Hi guys can anyone tell me the fishing numbers of the following smacks

Brill Entry 14/1877 in the Hull registers ON 75364 
Ulysses Entry 18/1879 in the Hull registers ON 79471
Hilda Entry 65/1878 in the Hull registers ON 79440
Liberator Entry 64/1874 in the Hull registers ON 68728 
Albert Entry 32/1876 in the Hull registers ON 75327
Discovery Entry 44/1879 in the Hull registers ON 79487
Striver Entry 87/1872 in the Hull registers ON 68651
Titania Entry 01/1884 in the Hull registers ON 88154
Orlando Entry 44/1882 in the Hull registers ON 82540
Iolanthe Entry 45/1883 in the Hull registers ON 88150

Many thanks


----------



## aavh (Apr 6, 2006)

If you go here http://www.crewlist.org.uk/data/vesselsnum.php enter the ON it will open up the MNL with her info for that year.
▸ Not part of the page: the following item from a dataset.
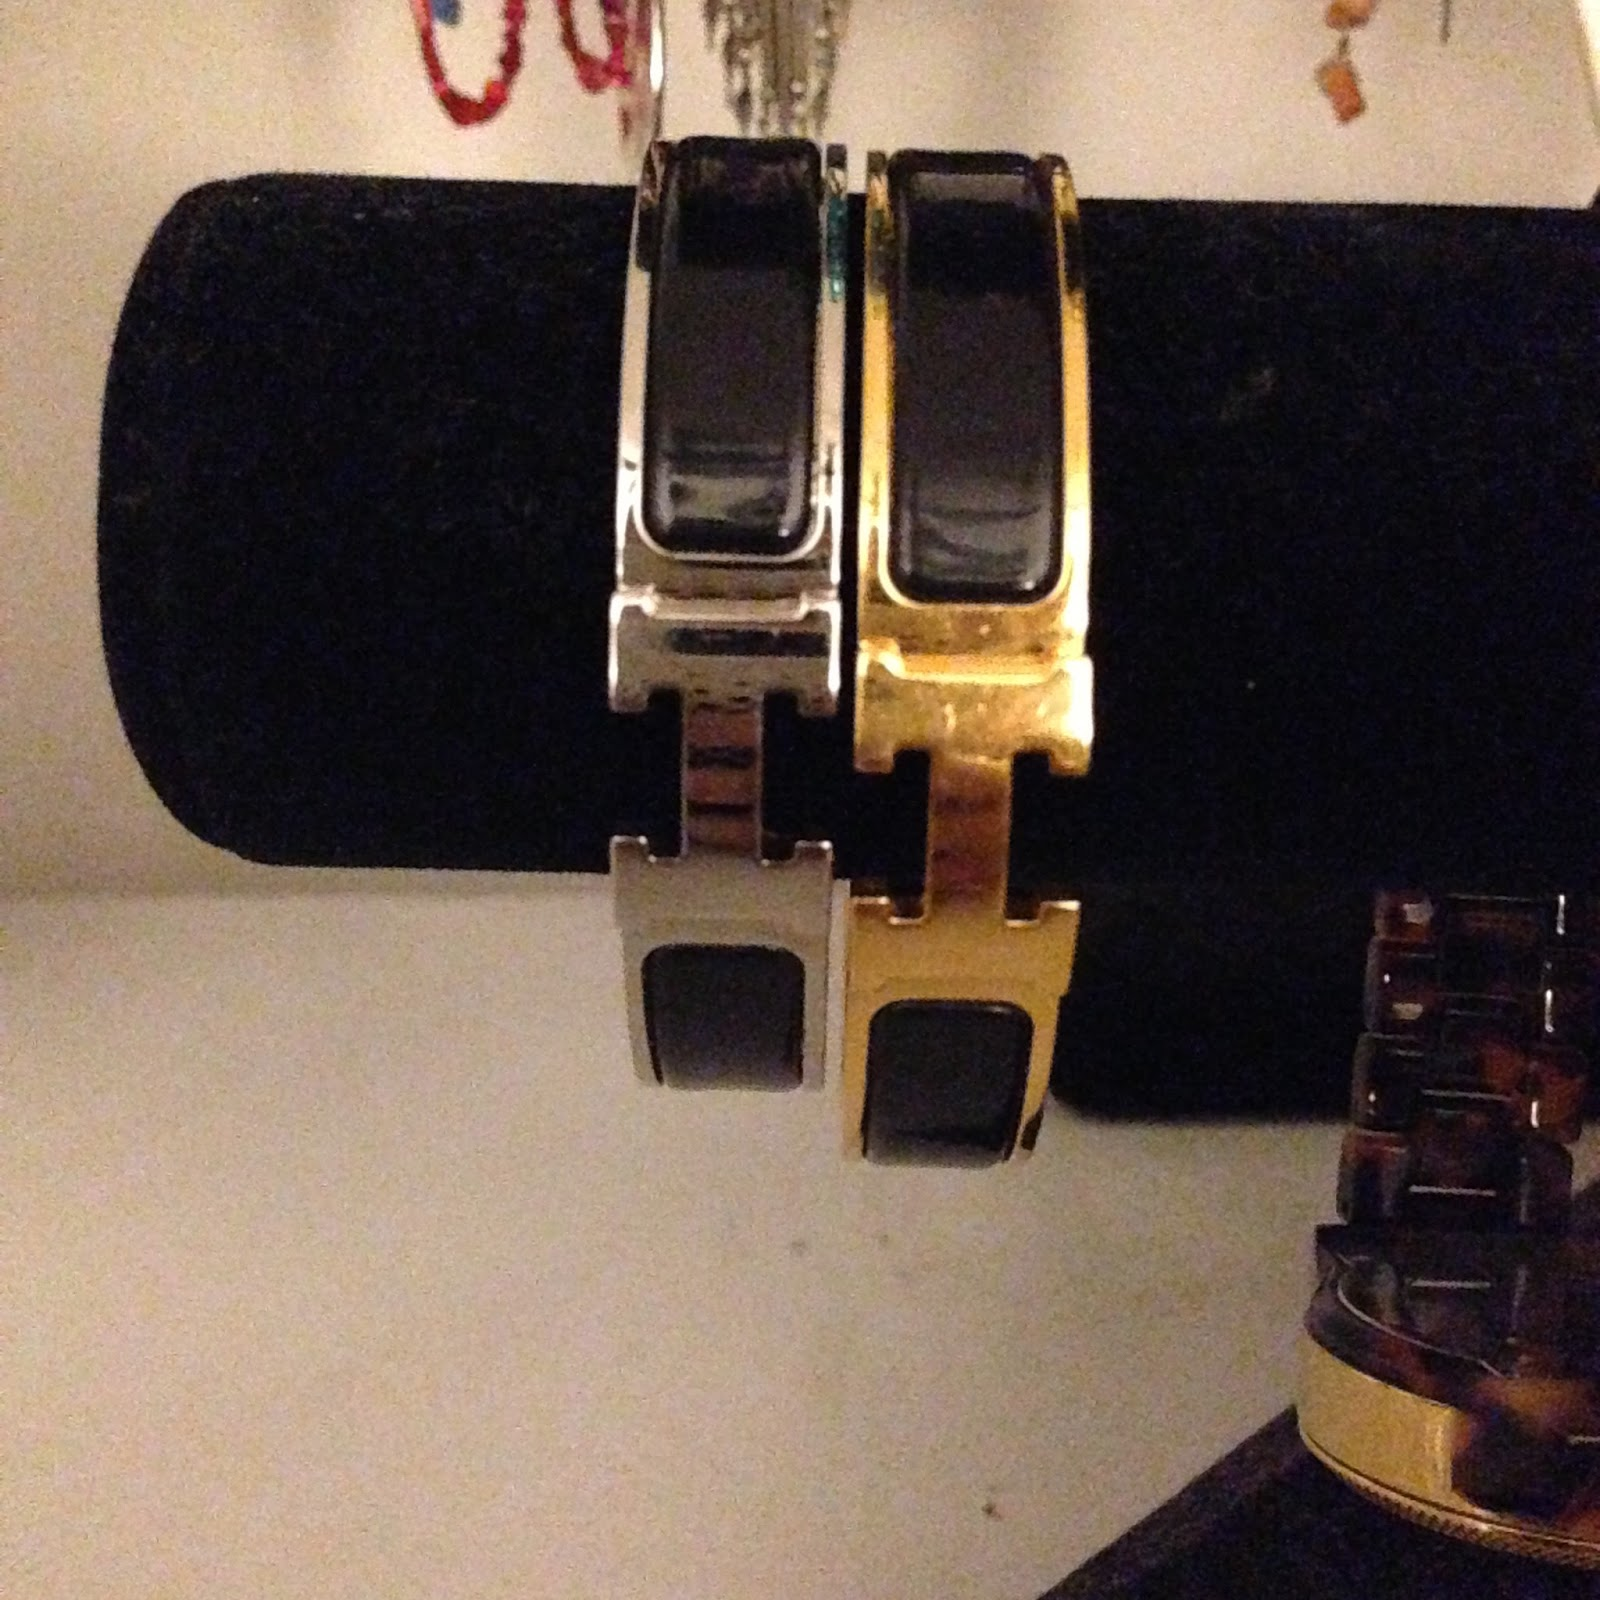 Herm 232 S Clic H Bracelet Pm Vs Gm Domesticated Me

You can change the year at the top of the MNL page and press search


----------



## Linnea LL590 (Jan 23, 2010)

Thanks for the help aavh ,it was the fishing number I was looking for eg H123 .. but the link is of great help anyway Thanks!!


----------



## Linnea LL590 (Jan 23, 2010)

Hi These are the owners of the vessels ................................................ Brill Entry 14/1877 in the Hull registers ON 75364 owned by Samuel Haldene
Ulysses Entry 18/1879 in the Hull registers ON 79471 owned by George Rowntree
Hilda Entry 65/1878 in the Hull registers ON 79440 owned by James Bell
Liberator Entry 64/1874 in the Hull registers ON 68728 owned by William McCann
Albert Entry 32/1876 in the Hull registers ON 75327 owned by John Hill
Discovery Entry 44/1879 in the Hull registers ON 79487 owned by William J Robins
Striver Entry 87/1872 in the Hull registers ON 68651 owned by William Lengfield
Titania Entry 01/1884 in the Hull registers ON 88154 owned by Hellyers
Orlando Entry 44/1882 in the Hull registers ON 82540 owned by Hellyers
Iolanthe Entry 45/1883 in the Hull registers ON 88150 owned by Hellyers


----------



## cueball44 (Feb 15, 2010)

Brill H1058 - Ulysses H1214 - Liberator H902 - Albert H1005 - Iolanthe H1370 - Titania H1373 - Striver H786 - Orlando H1346 - Discovery H1232 - Hilda H1180.


----------



## Linnea LL590 (Jan 23, 2010)

That is amazing Cueball ..Thank you very much indeed !!!! I cannot thank you enough!!!


----------



## cueball44 (Feb 15, 2010)

Linnea LL590 said:


> That is amazing Cueball ..Thank you very much indeed !!!! I cannot thank you enough!!!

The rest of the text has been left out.